When assessing the value of any scientific work, one has to make certain judgements. One is whether it’s well-respected amongst peers – It’s called “peer review”. Granted it’s far from 100% reliable, but in this case I judge it significant that Lipton is looking in entirely different directions to the mainstream.
I also think it’s highly significant that he’s pursuing “…independent research integrating quantum physics with cell biology”…and the fact that he’s resigned his tenure to do so and has ended up at a chiropractors’ college sets my alarm bells ringing. Has this guy fallen off the wall?

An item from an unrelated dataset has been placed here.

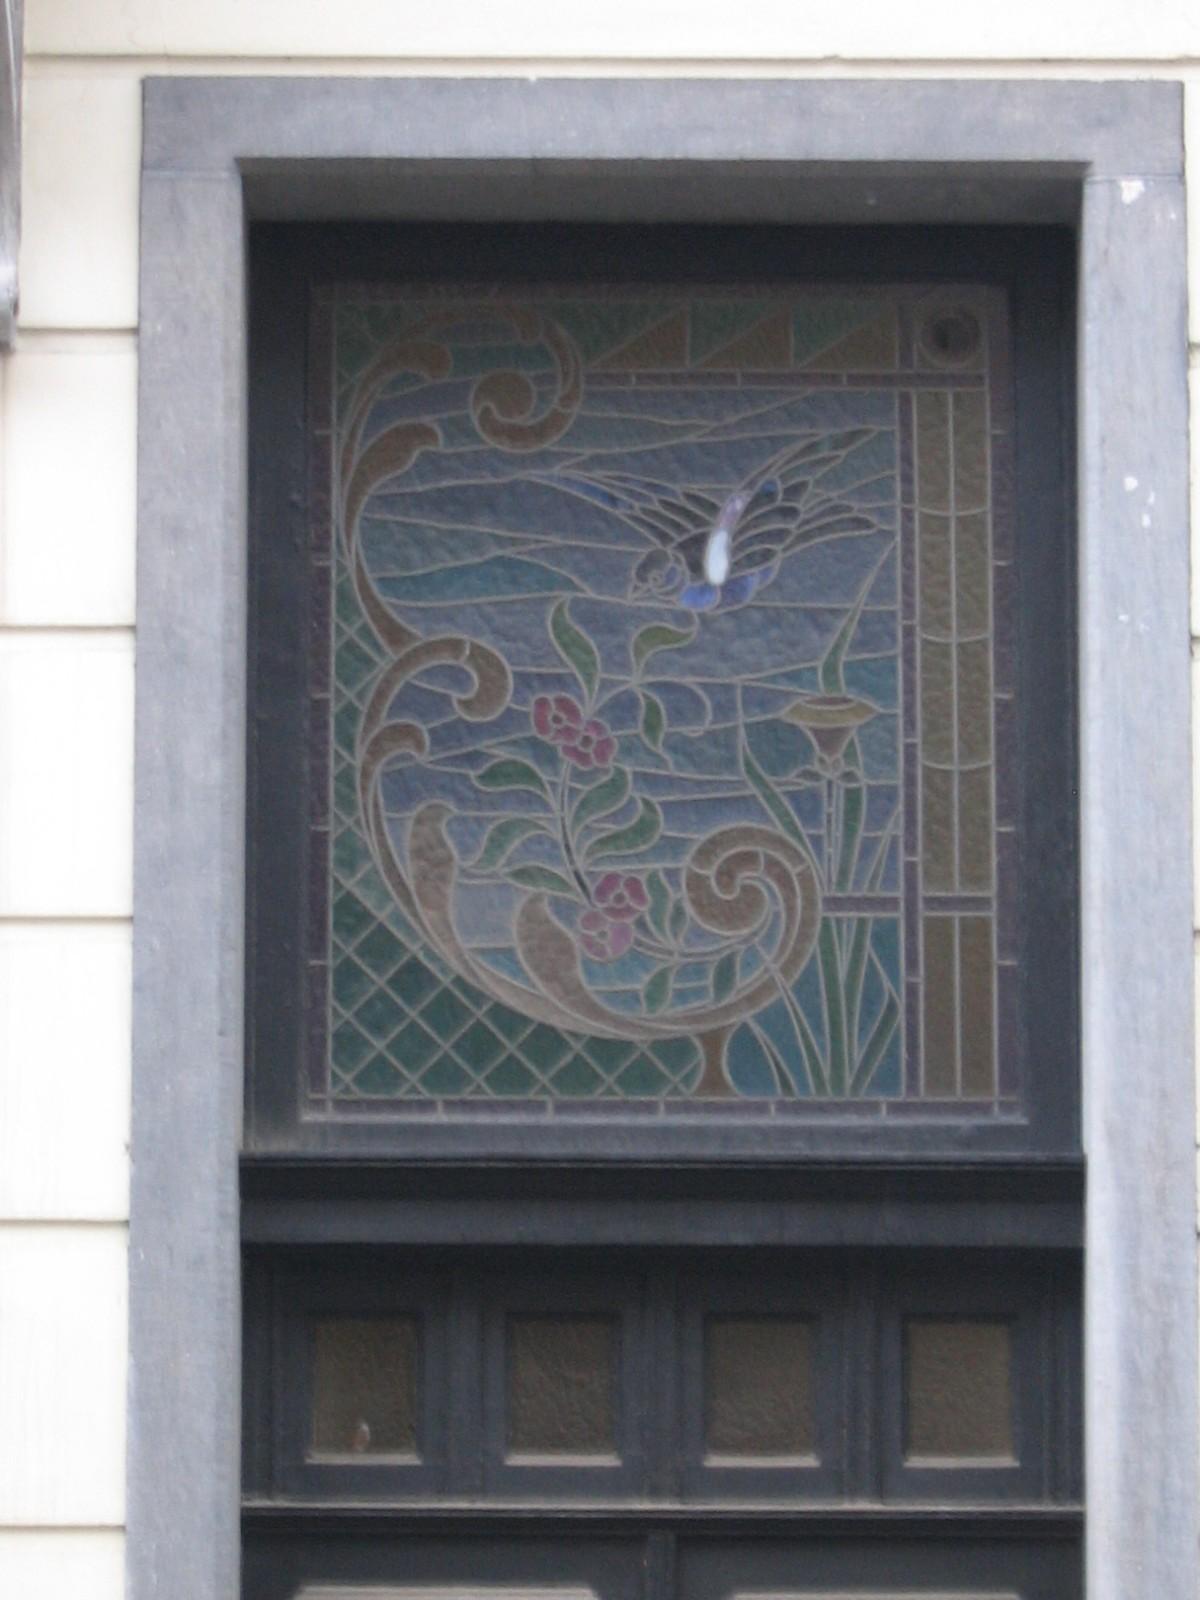 Loncinstraat 20, impostvenster met glas-in-lood, 1903, arch. Henri Martyn., 2005

Then, looking at the research…I take his point about environmental influences on cell biology…but I don’t see what this has to do with theories of consciousness.
Finally…with quantum physics he’s straying into Roger Penrose territory. Penrose may have something to say (basically, he thinks that ‘Dreams are simulations of other worlds’… but I – and several leading neuroscientists – doubt it. It’s simply not based around empirical research (and nor are Lipton’s theories).
So…I’ve accorded Alji the respect of reading the evidence. I have sincere doubts as to its value. But can you see why I might find it slightly galling that I keep being accused of not having read it?
Do tell me, anyone, if you feel I’m reading too much in to Alji’s tone. From my perspective, I recognise that this is azahar’s blog, not a public forum like h2g2 where I’d be happy to give as good as I get. As far as I’m concerned, I’ve been conciliatory and tried to keep the debate on target. This has been difficult when someone has started by suggesting that I live in a strange world, then moved on to telling me that he’s had enough of me.
Alji…can we shake hands, say no more about it and move on? Or am I just an intolerable dickhead?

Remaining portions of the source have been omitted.